# Best Cat Toothbrush and Toothpaste?



## wolfheartmoon (Aug 3, 2013)

I don't like using gauze or the baby toothbrush on my kitty, because it's hard to get her teeth done right that way, and I know I'm missing stuff when I brush, so I've been looking up cat toothbrushes and toothpaste. 
So far I've only found CET brand that seems any good, which I think might be more expensive than something else. Anyone know of any cheaper brands that are good for kitty toothbrushes and toothpaste?


----------



## cat face (Apr 4, 2013)

I don't use a brush because my 'nuts' won't let me stick things in their mouth (pilling is GREAT fun around here... NOT)

I use stuff that they can lick a dot off my finger and its made to work with their tongue and stick to their teeth to work. 

BUT I have heard people on here suggest they go to the dollar store and get some kids toothbrushes. Apparently a cat will go through toothbrushes rather quickly LOL

Anyway, thought I'd offer that suggestion.


----------



## wolfheartmoon (Aug 3, 2013)

My kitty has a really tiny mouth though.  So the baby toothbrush I'm using makes it pretty hard to get at any of her back teeth. That's the only reason I want to invest in a cat brush xD


----------



## cat face (Apr 4, 2013)

well, then the CET brush is going to be the deal for you


----------



## MB70 (Apr 1, 2012)

The best cat toothbrush I have found is one from CET, it's small and easy to use on the back and sides of the mouth. I usually buy 3 or 4 and each one lasts about 3 months, comes with a sample poultry toothpaste which I use anyways. Inky LOVES the taste so it's easy to brush his teeth, he does chomp on the brush sometimes though hahah!!

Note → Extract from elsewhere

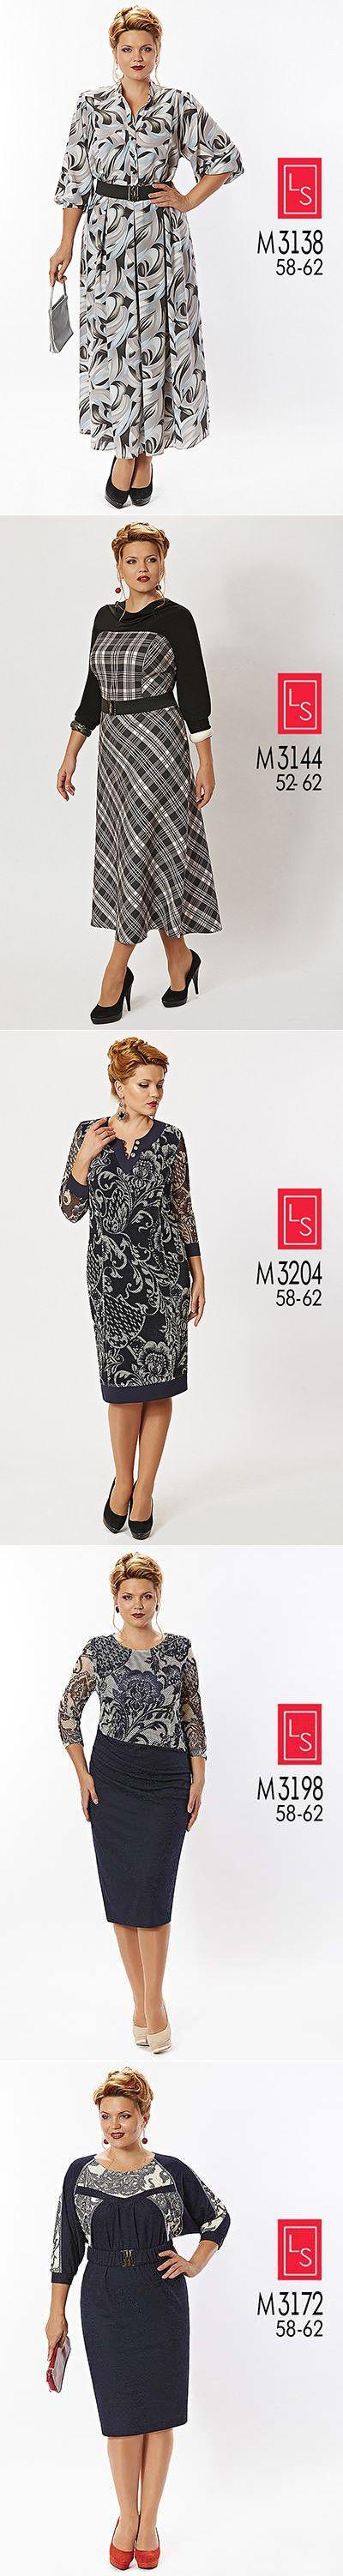 Платья для полных модниц белорусского бренда Lady Secret. Осень 2014 | Полная модница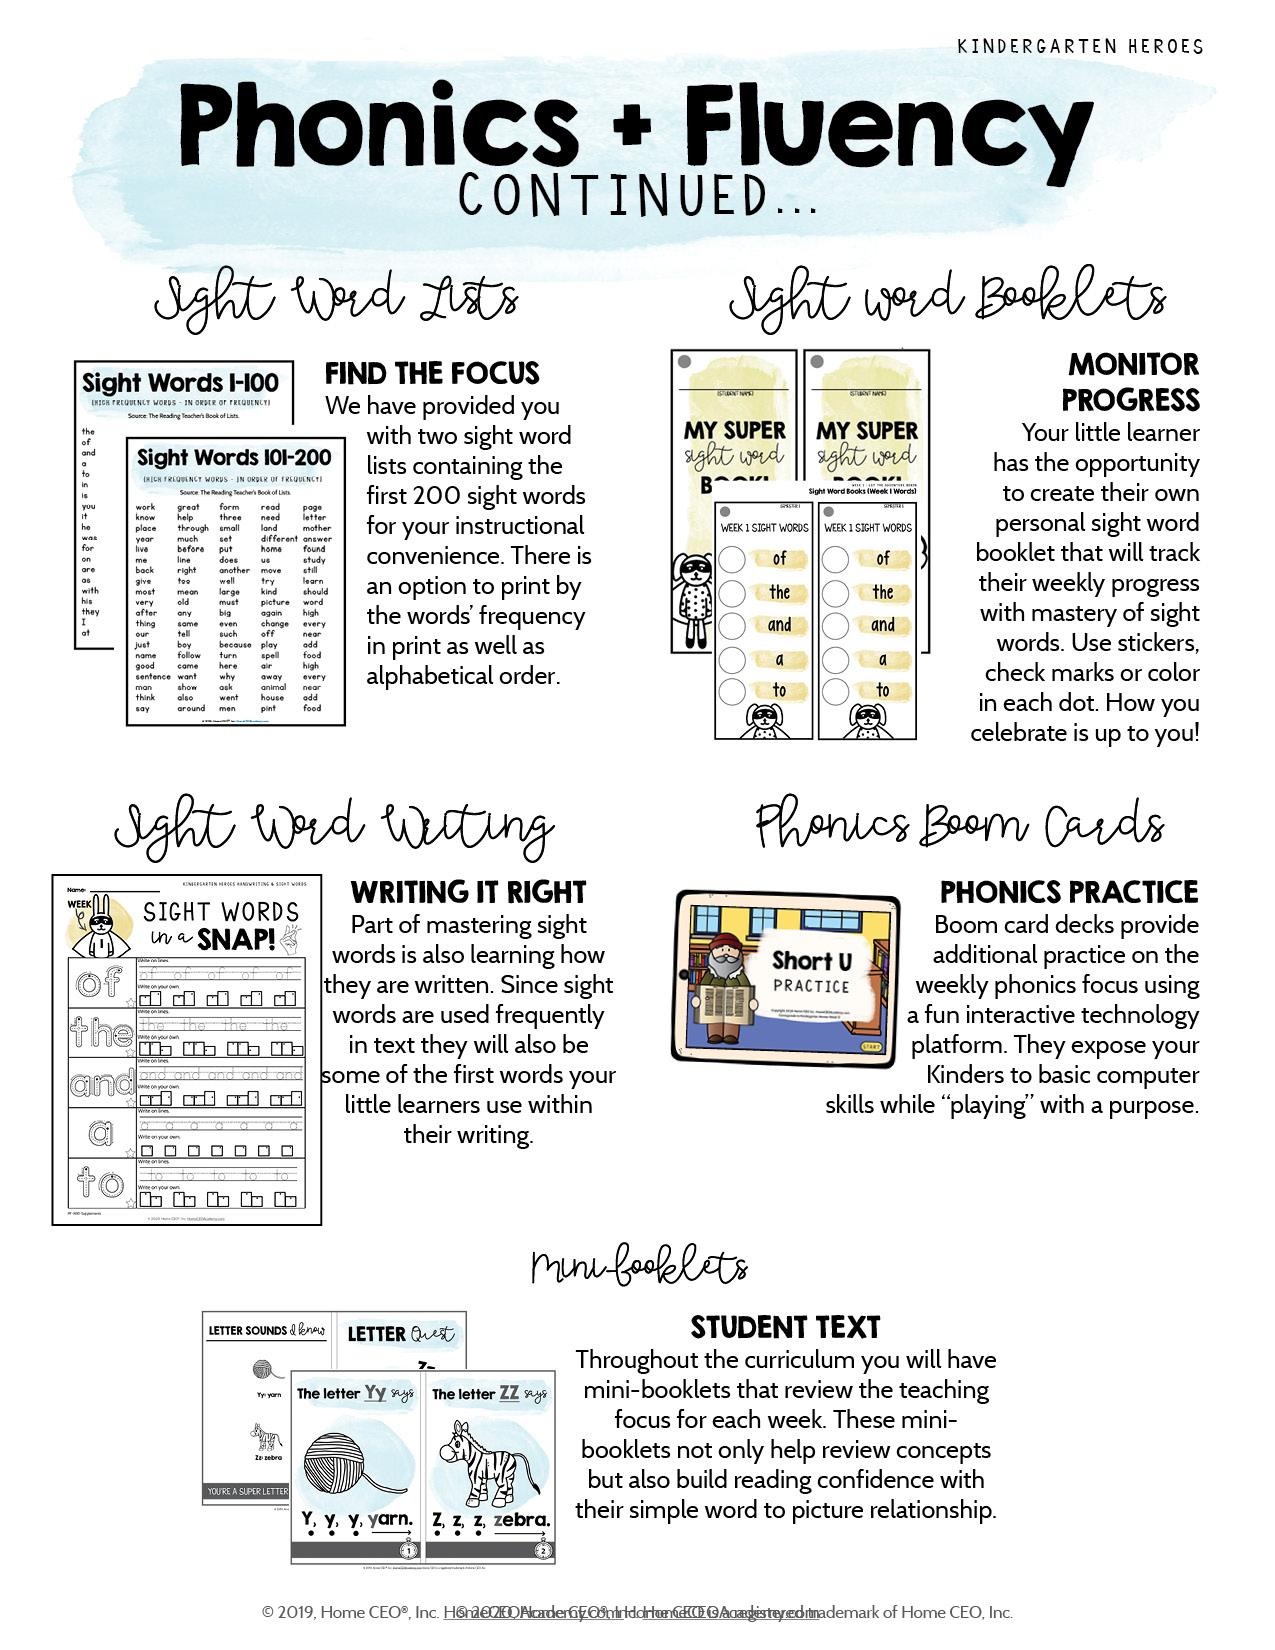 Kindergarten Heroes Curriculum Phonics Overview

CET Toothbrush for Cats | VetDepot.com

Drs Fosters and Smith has the cheapest price that I can find on the CET toothpaste..
Virbac Animal Health C.E.T. Enzymatic Toothpaste | Pet Toothpaste

Another product I use once or twice a week, more expensive but works, is from Mercola.

Dog & Cat Teeth Cleaning | Pet Dental Gel - Mercola.com

Best of luck!!


----------



## cat face (Apr 4, 2013)

MB70 said:


> Another product I use once or twice a week, more expensive but works, is from Mercola.
> 
> Dog & Cat Teeth Cleaning | Pet Dental Gel - Mercola.com


Yep, like the stuff I use just a different name over here but same action.
The girls will lick a tiny dot of it off my finger tip and they're good to go. 

I do this daily, plus I use Pro Den's Plaque Off, sprinkle of food once a day and also give dental treats. 

Hopefully between the three their dental health will be just fine.


----------



## molldee (May 19, 2013)

I've used all toothbrushes, and the CET ones work the best. They don't scream toothbrush, so my cats let me stick it in their mouth.


----------



## NOLAKitties (May 30, 2013)

We just recently started to use CET toothpaste chicken taste. The cats think it's a treat. The brushing part is the challenging part. Angelo has a little bit of tartar buildup on his upper right side molar. Ponyo has a bunch of plaques. 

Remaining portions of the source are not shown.